These align to frameworks your auditors already recognize, including the EU AI Act, the OWASP Top 10 for LLM applications, and FINRA. See Compliance and security.


REST moderation API

The reference client exposes one endpoint per modality. This is the simplest way to integrate, and it is identical whether you call the managed API or your own self-hosted client.

POST/v1/moderations/text
POST/v1/moderations/image
POST/v1/moderations/audio

Text

cURL
curl -X POST http://localhost:9000/v1/moderations/text \
  -H "Content-Type: application/json" \
  -d '{"text": "How to kill a child process in Linux?"}'

A genuinely benign request like this should come back clean. Good moderation reads intent, not keywords.

Image

cURL
curl -X POST http://localhost:9000/v1/moderations/image \
  -F "file=@/path/to/image.png"

Audio

cURL
curl -X POST http://localhost:9000/v1/moderations/audio \
  -F "file=@/path/to/audio.wav"

Processing .m4a audio needs the ffmpeg binary on the host running the client.

Unified inference API

Under the REST client sits a single Triton endpoint that multiplexes every moderation workflow. You will use this directly when you want batching, multi-turn caching, or tight control over the tensor contract. Two routing fields select the workflow.

REQUEST_TYPE
Selects the moderation workflow: prompt, response, multiturn, version
MODALITY
Selects the content modality: text, image, audio

Input schema

All inputs are optional at the tensor level and validated dynamically based on the selected request type.

InputTypeShapeDescription
REQUEST_TYPESTRING[1]prompt, response, multiturn, version
MODALITYSTRING[1]text, image, audio
TEXTSTRING[1]Text payload or caption / transcript
IMAGESTRING[1]Base64-encoded image bytes
AUDIOSTRING[1]Base64-encoded audio bytes
RESPONSE_TEXTSTRING[1]Assistant response to evaluate
MESSAGESSTRING[-1, 2]Conversation turns as [role, content]
SESSION_IDSTRING[1]KV-cache session identifier
CACHE_WRITEBOOL[1]Enables or disables cache writes

Output schema

Every request returns the consistent verdict contract described in Reading a verdict: SCORE, FLAGGED, SUBCATEGORY_SCORES[13], SUBCATEGORY_FLAGS[13], and CACHE_USAGE[8].

Request type details

Prompt moderation

Set REQUEST_TYPE="prompt" for single-shot moderation of user-provided content. For text, supply MODALITY="text" and TEXT. For image, supply MODALITY="image" and IMAGE, with optional TEXT as a caption. For audio, supply MODALITY="audio" and AUDIO, with optional TEXT as a transcript.

Response moderation

Set REQUEST_TYPE="response" and provide RESPONSE_TEXT. OmniGuard internally constructs a system → user(prompt) → assistant(response) conversation and scores the final evaluation turn with a dedicated response-safety probe. Use it for AI output filtering, response governance, inline generation blocking, and agent or tool response validation.

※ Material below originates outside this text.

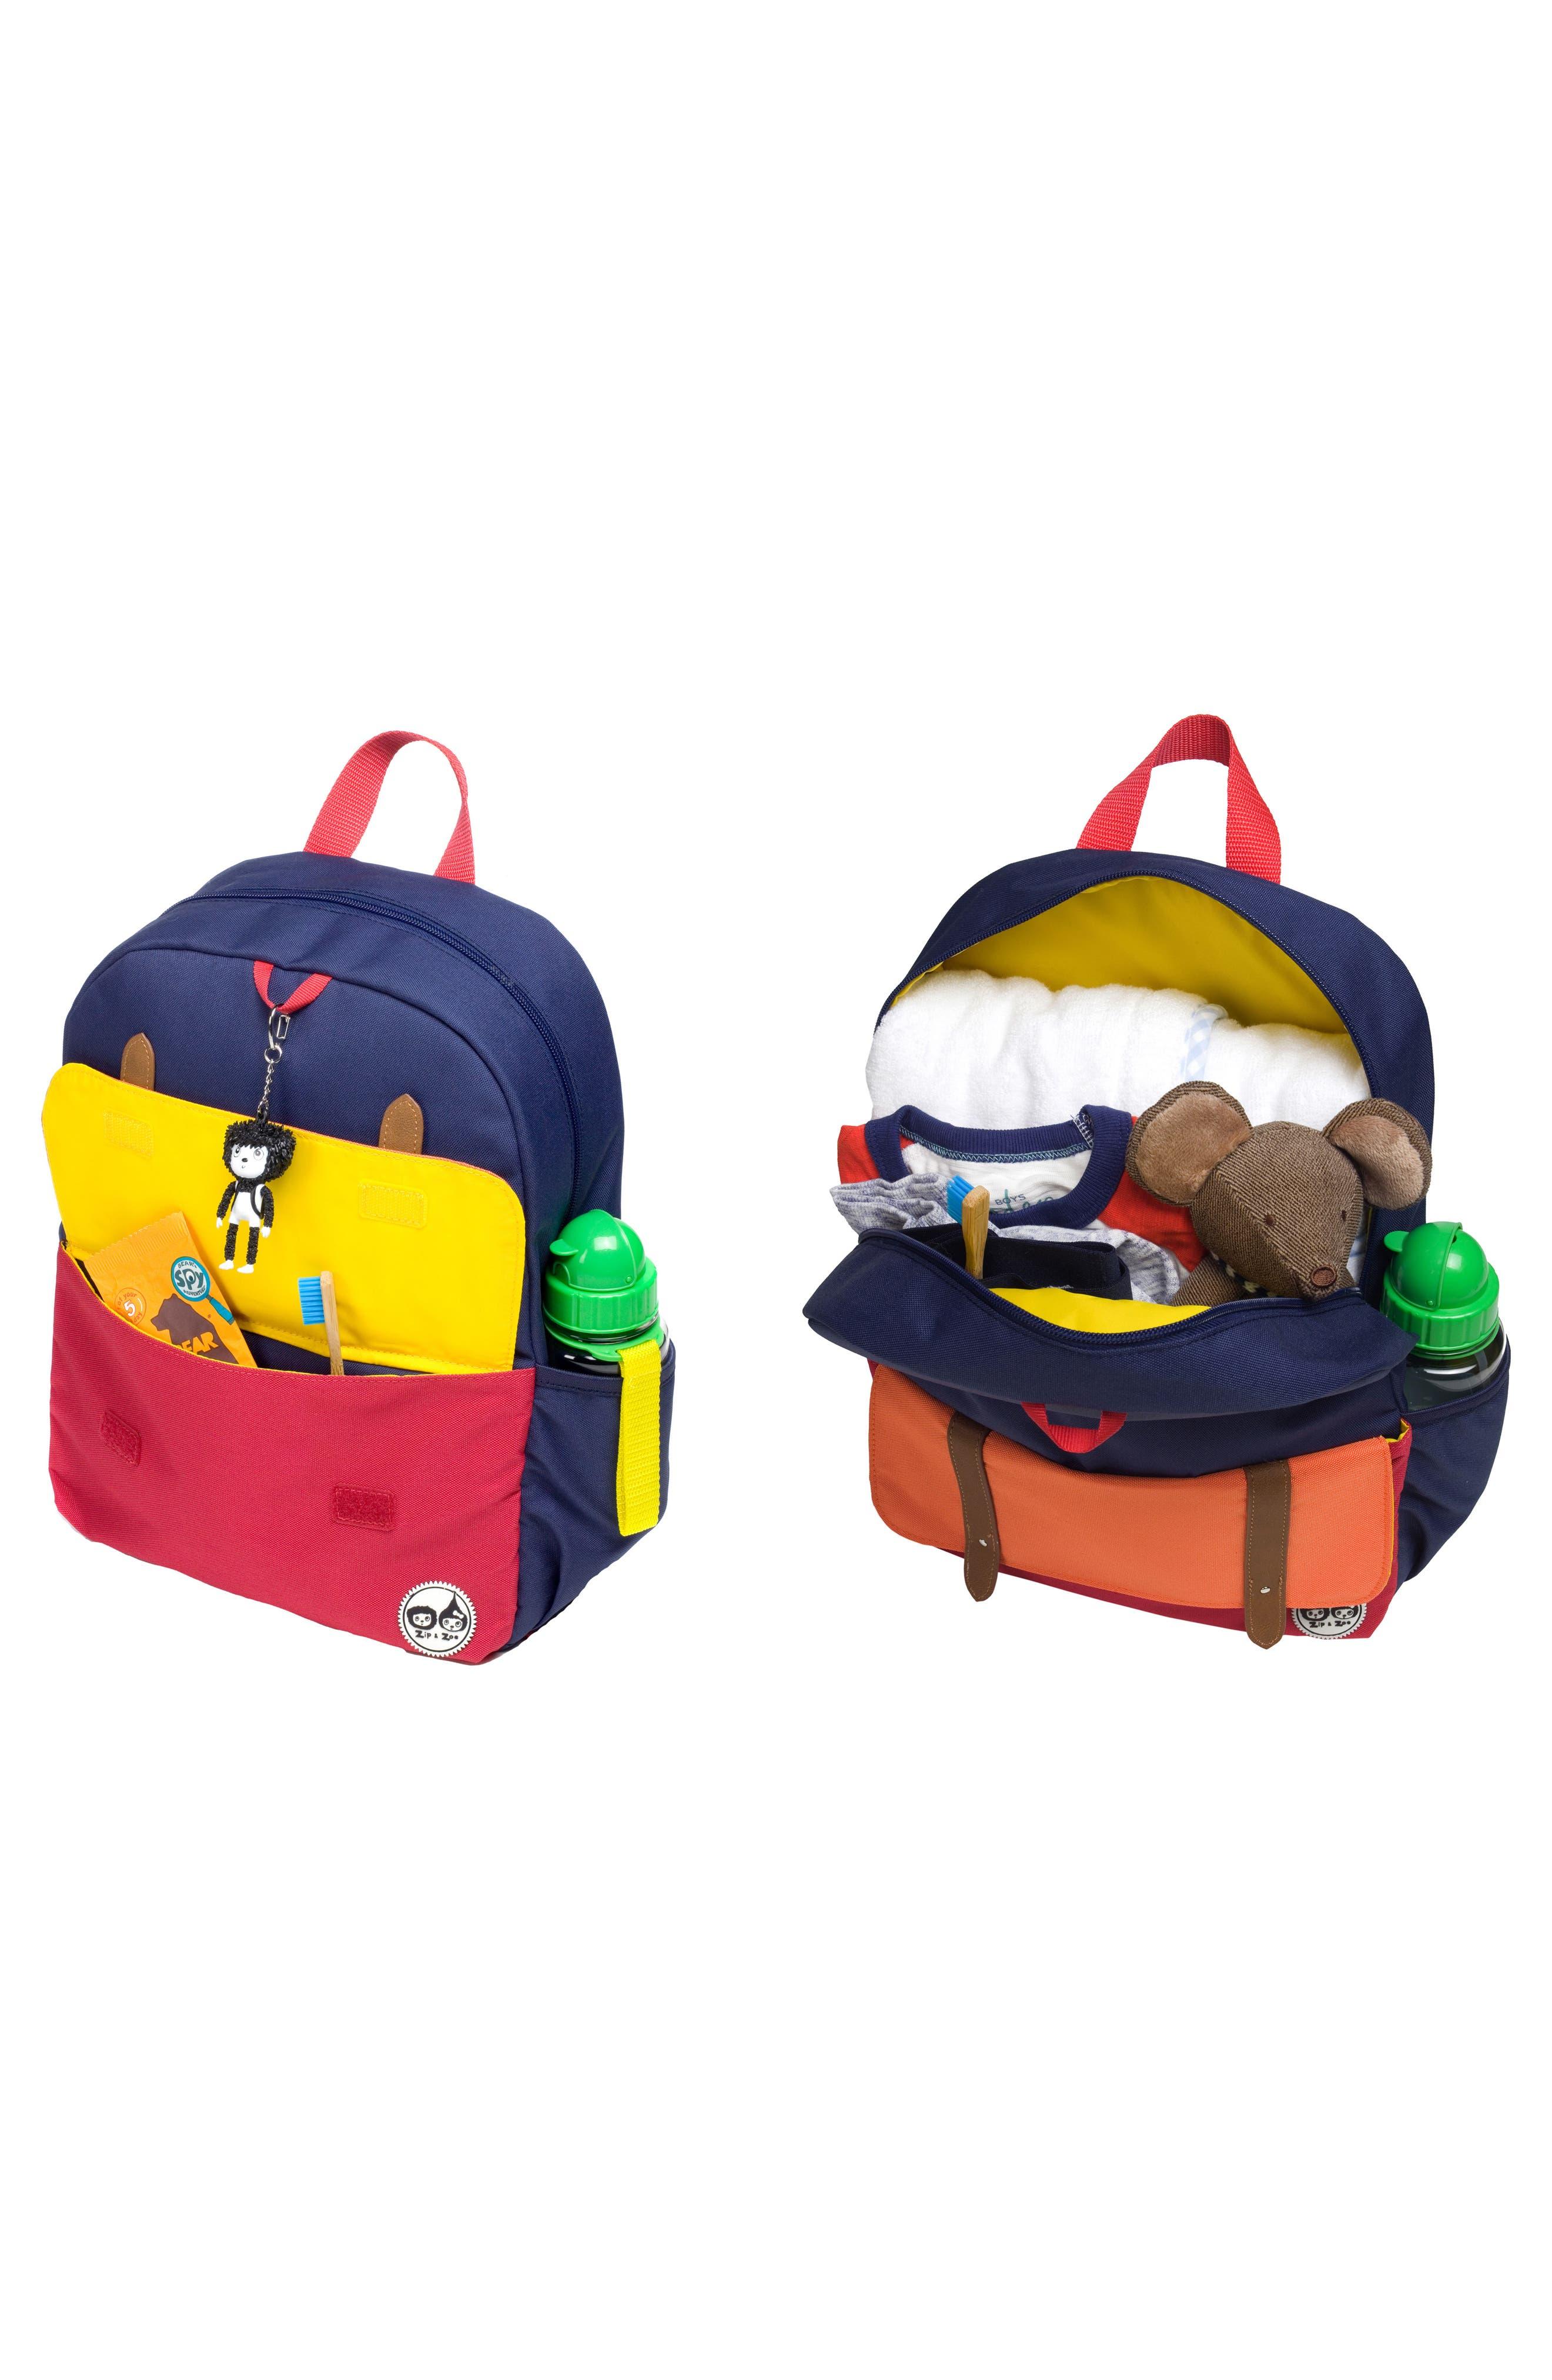 Zip & Zoe Colorblock Junior Backpack,                             Alternate thumbnail 10, color,                             Blue

Multi-turn moderation & KV cache

Set REQUEST_TYPE="multiturn" and pass the full conversation in MESSAGES. The moderation mode follows the final turn: if it is a user turn, OmniGuard applies prompt-style moderation; if it is an assistant turn, it applies response-style moderation.

conversation format
[
  ["system", "..."],
  ["user", "..."],
  ["assistant", "..."]
]

Supported roles are system, user, and assistant.

Stateful KV cache

Long conversations would otherwise re-encode the full history on every check. OmniGuard avoids that with an optional two-tier KV cache keyed by SESSION_ID.

Cache tierLocation
L1GPU
L2CPU

Always submit the full conversation history. OmniGuard determines incremental cache reuse from the SESSION_ID automatically. The CACHE_USAGE output reports message cache hits and misses, token cache hits and misses, cache writes, and L1 / L2 evictions.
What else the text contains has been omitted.